The way the car warranty scam works is after receiving the card or letter the consumer calls the business as requested. They are then talked into purchasing an extended warranty. The problem is the warranty they purchase often turns out to be next to worthless.
That is the case for the 79 individuals who, in the last 12 months, filed complaints with the BBB. Some of them spending from a few hundred dollars to a couple thousand.
Additionally, along with the bogus warranty expiration letters and cards, some scammers place calls posing as manufacturer representatives trying to hook the consumer.
What to Do
If you receive a letter, postcard or telephone call advising you that your car’s express warranty is about to expire, check with the manufacturer. Don’t call the number that’s on any letter or postcard you receive, even if it looks like the communication is from the automaker. It could be a fake.
If you feel you must purchase a service contract, consider one offered by the manufacturer. Third-party contracts are notorious for fine print that excludes many types of repairs and for denying claims for anything the provider deems to be a pre-existing condition. Repairs required because of normal wear and tear also may be excluded.
Check out all companies’ ratings at the BBB website ask.bbb.org.

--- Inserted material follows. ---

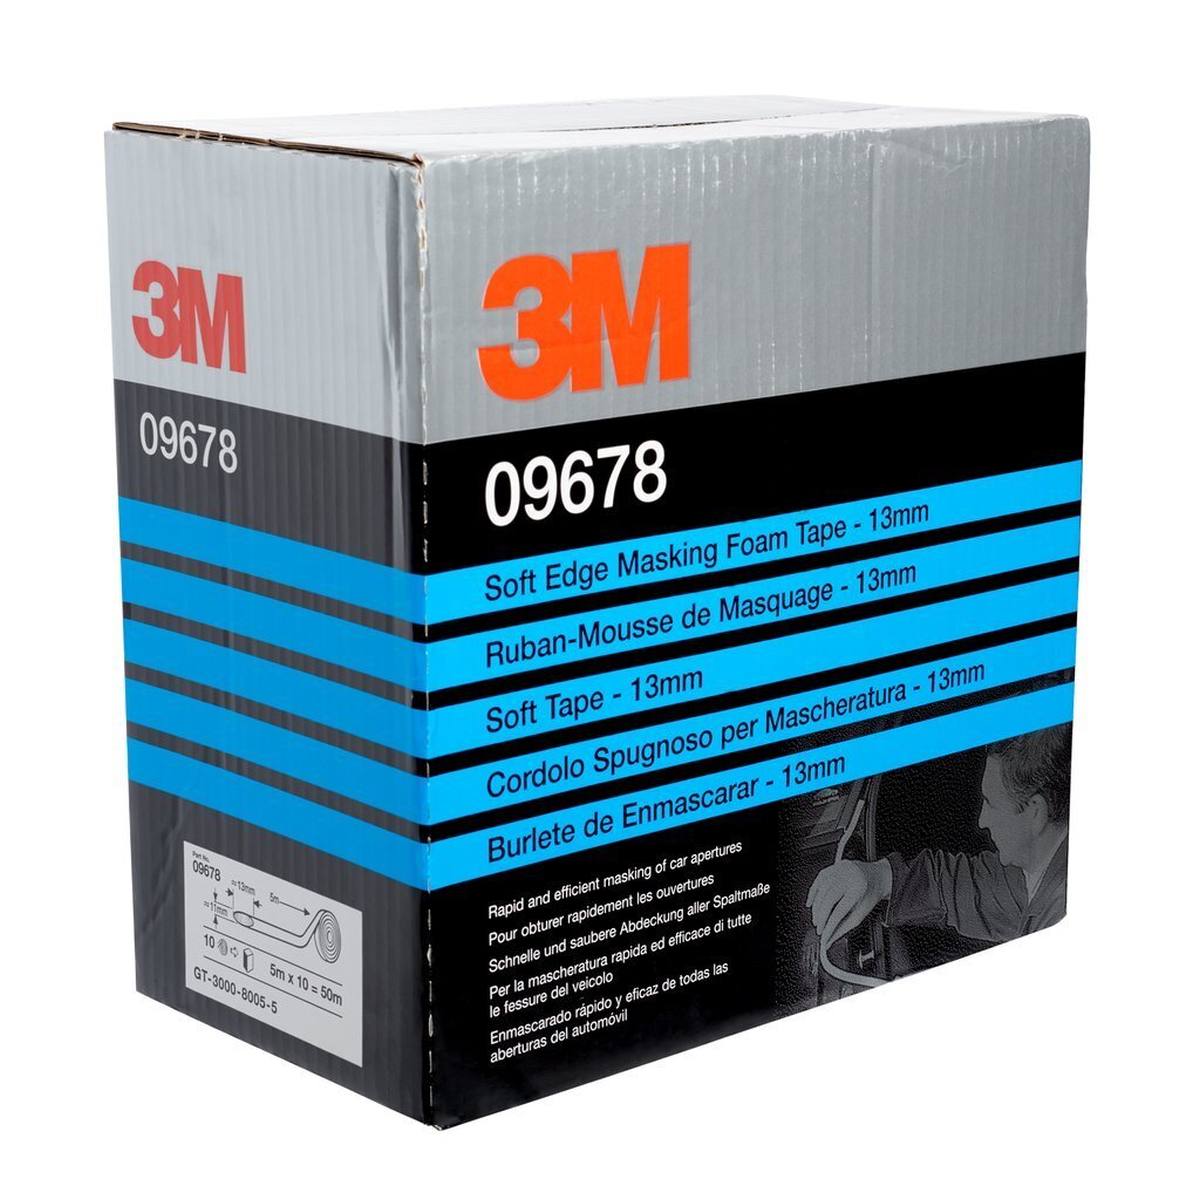 3M Soft Edge Foam Masking Tape, Blanco, 50 m x 13 mm, 1pack = 3pcs #09678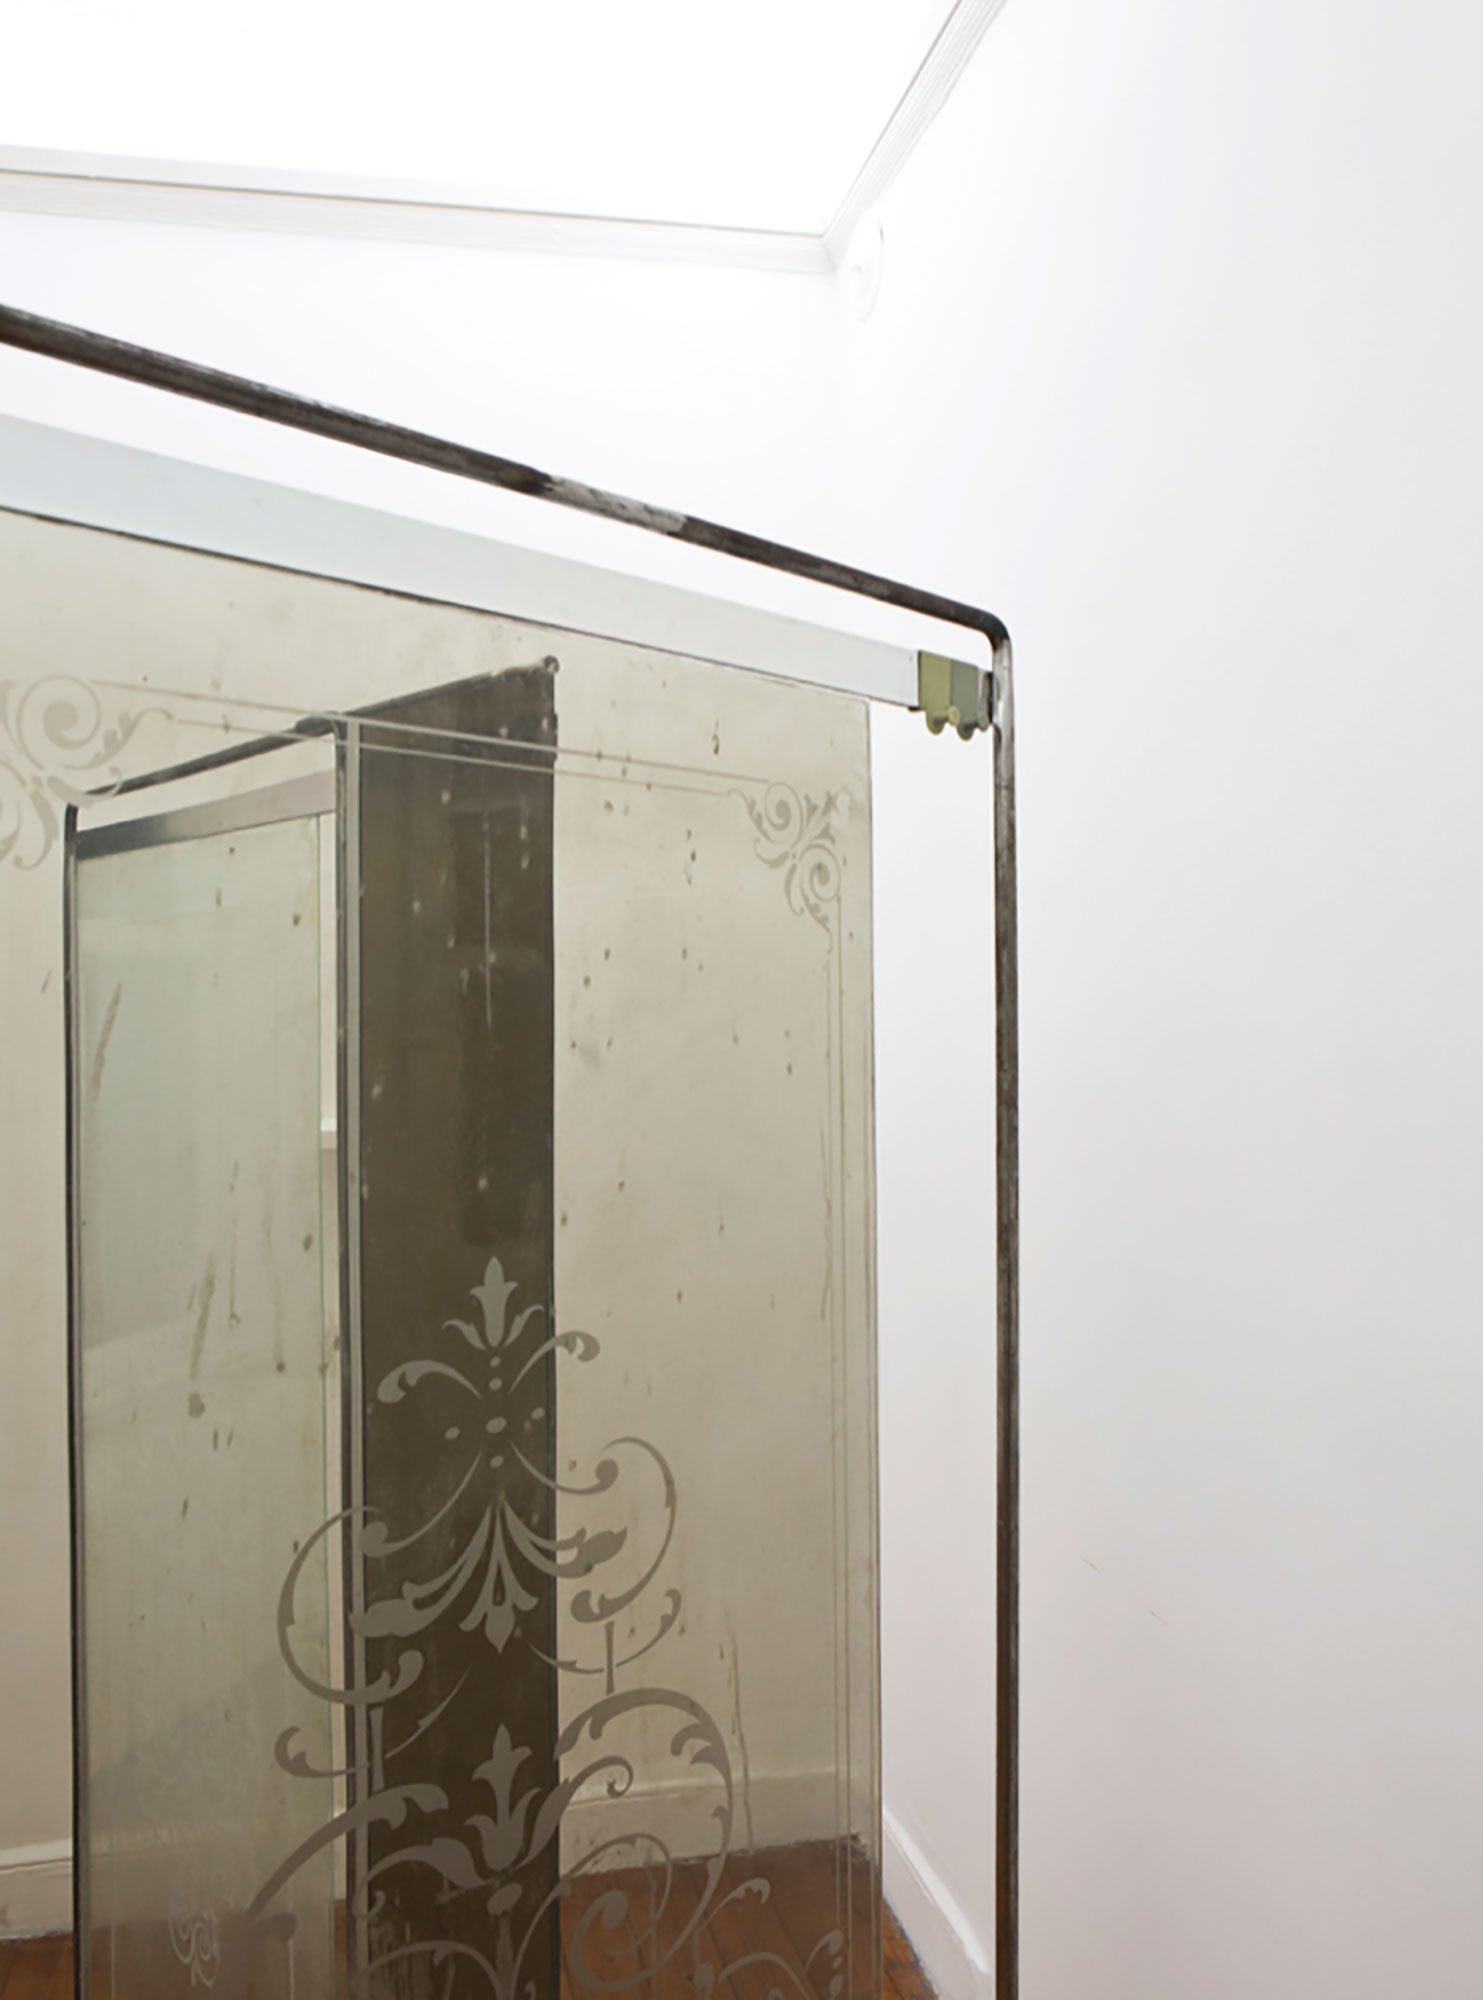 Eloise Hawser, Untitled, shower doors, steel frame, 2013

Never agree to a contract for any product or service without reading terms and conditions, no matter how long the company says you have to change your mind. If a salesperson pressures you to make a purchase right away, hang up.
If you are receiving phone calls you can file a complaint with the FCC about suspected scam calls. In addition to being fraudulent in nature, these calls likely violate telemarketing and robocall rules. Report the scam to BBB Scam Tracker.
Dennis Horton is the Director of the Rockford Regional Office of the Better Business Bureau.